The force-electric coupling relationship of the mechanical and electrical properties of piezoelectric composites has been the main factor in the research and development of piezoelectric composites in practical application. A novel orthotropic piezoelectric composite material (OPCM) element is studied in this paper. The properties of the piezoelectric phase and the polymer phase and the influence of the geometrical dimensions of the OPCM on the longitudinal wave drive element are analyzed from the perspective of mechanics and electric power, respectively, and the structural design is optimized. This provides a theoretical basis for the development of OPCM and of new longitudinal ultrasonic phased array actuators.

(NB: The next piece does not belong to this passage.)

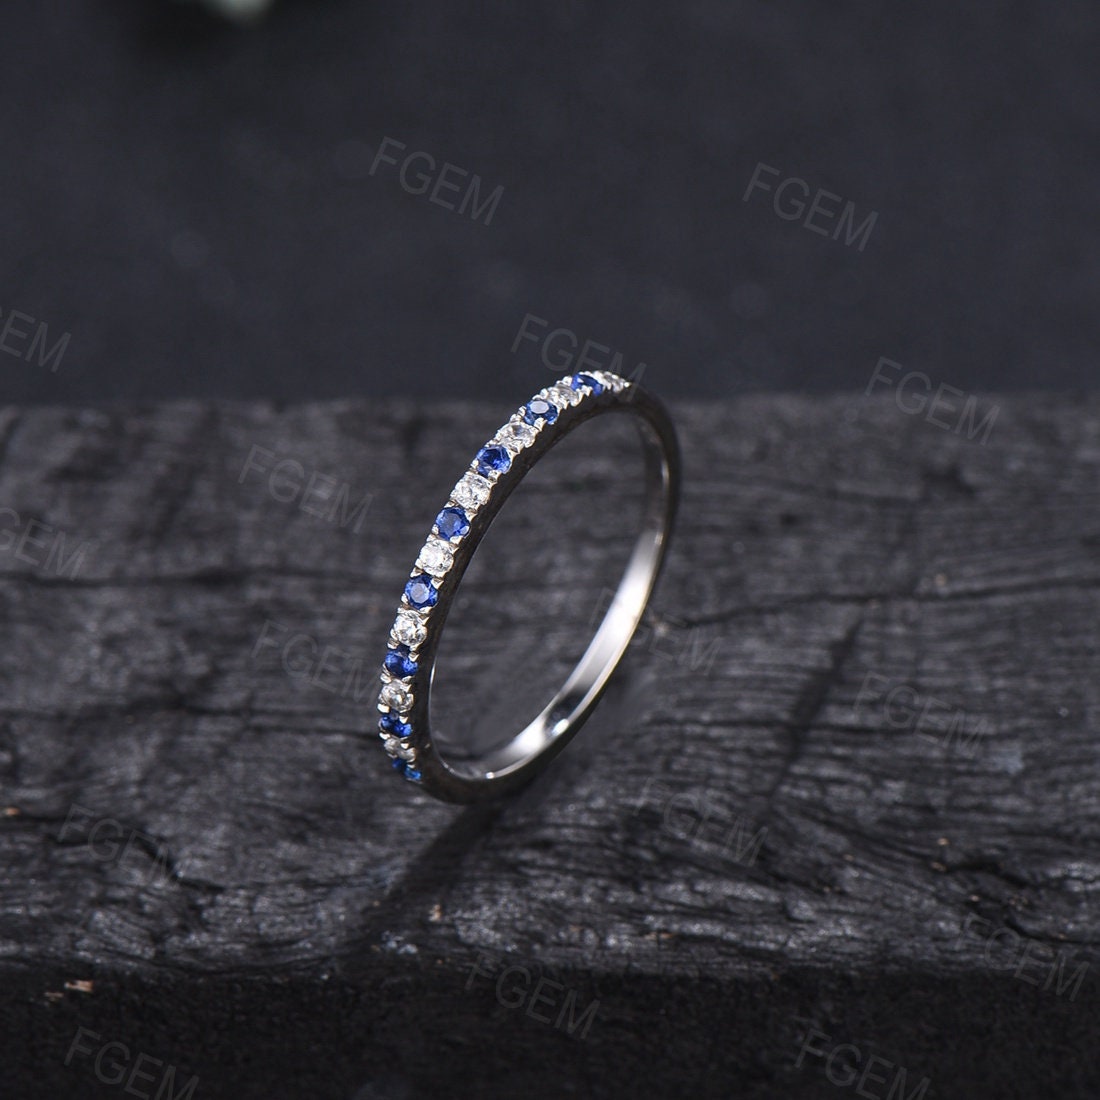 Natural Blue Sapphire Half Eternity Wedding Band Dainty Stackable Rings September Birthstone Gift Simple Minimalist Jewelry Anniversary Ring

Keywords: actuator; parameter analysis; piezoelectric composite material; structure optimization

1 Introduction

At present, the key material for the conventional phased array transmitting and receiving devices is an ordinary piezoelectric ceramic material. There are many deficiencies in piezoelectric ceramics. The design performance of driving index is poor. Thickness direction and radial electromechanical coupling coefficient have little differences and easily lead to reduced efficiency of the transducer; the piezoelectric ceramic, because of brittleness, is so easily damaged during use, cutting, machining, and assembly and also easily broken under stress. The force and electrical characteristics of a single piezoelectric material are susceptible to temperature, magnetic field, and electric field, which make piezoelectric materials have limited transducer sensitivity and imaging accuracy in nondestructive testing applications of engineering structures [1, 2]. Therefore, how to research and analyze a novel piezoelectric composite transducer with directional transmitting and receiving functions is of great significance for improving detection sensitivity and signal-to-noise ratio in structural damage detection.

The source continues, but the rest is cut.